UK sets up ‘Indiana Jones-style’ team to rescue historic sites from ISIS
The director of the British Museum said he is working with colleagues in Iraq to ‘establish a specialist corps of rescue archaeologists’
Britain will set up a team of “rescue archaeologists,” mirroring the fictional archeologist Indiana Jones, to salvage historic site from the Islamic State of Iraq and Syria (ISIS) group, UK paper the Daily Mail reported.
A group of curators from the UK will travel to Iraq, Syria, and Libya where they will work with fellow curators there to identify any items that could be rescued.
Director of the British Museum Neil MacGregor said he is working with colleagues in Iraq to “establish a specialist corps of rescue archaeologists” in the embattled country.

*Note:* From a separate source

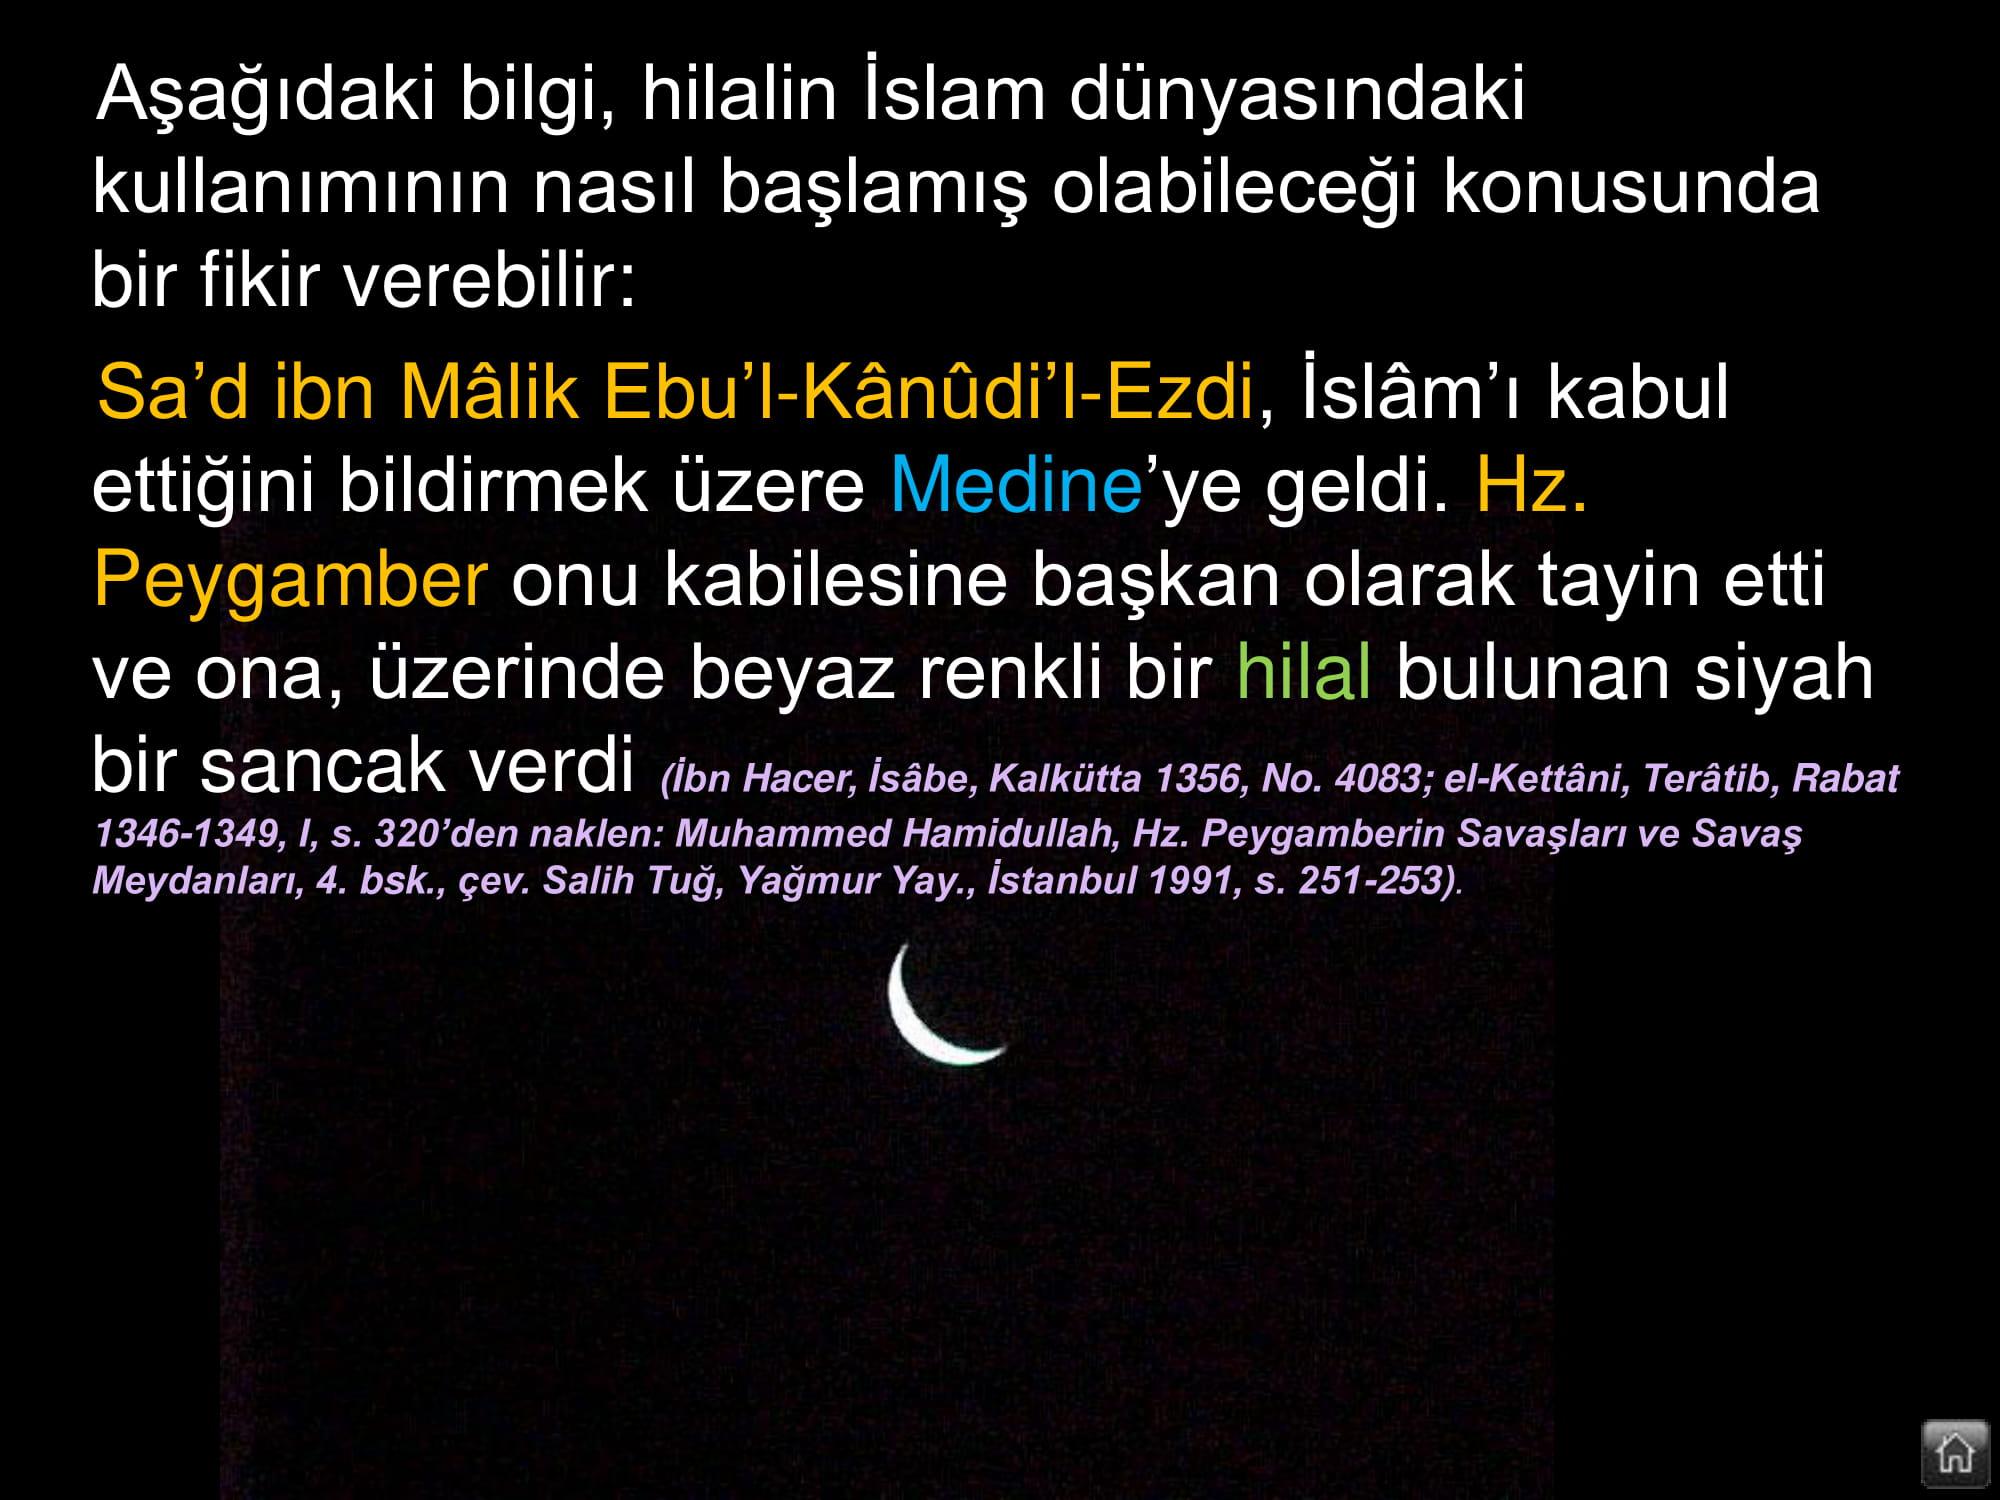 İslam hilal

The team would be part of an Emergency Heritage Management program the UK is trying to set up.
In addition to attempts to restore damaged ancient sites, the team will make digital recordings of valued areas that are beyond repair in effort to preserve an accurate image for future generations to see.
The 2014 film The Monuments Men told the story of an Allied group at the end of the Second World War that was talked with finding and saving pieces of art and other important items before they were stolen or destroyed by the Nazis.
Separately, politicians plan on introducing legislation that would ratify the Hague Convention on the Protection of Cultural Property in the Event of Armed Conflict, according to the Mail.
The budget for the fund is yet to be decided and sources quoted by the mail said it would “safeguard the heritage of countries affected by conflict or at risk of coming under attack for ideological reasons.”
“While the UK’s priority will continue to be the human cost of these conflicts, I am in no doubt we must also do what we can to prevent any further cultural destruction. The loss of a country’s heritage threatens its very identity,” Whittingdale said.
ISIS has destroyed priceless antiquities in neighboring Iraq. When the militant group stormed the ancient Syrian city of Palmyra, the country’s antiquities chief voiced fears it might devastate the historic site, home to renowned Roman ruins including temples, colonnades and an amphitheatre. The militants later said they would only destroy statues deemed “pagan idols” in the extremist interpretation of Islam they follow.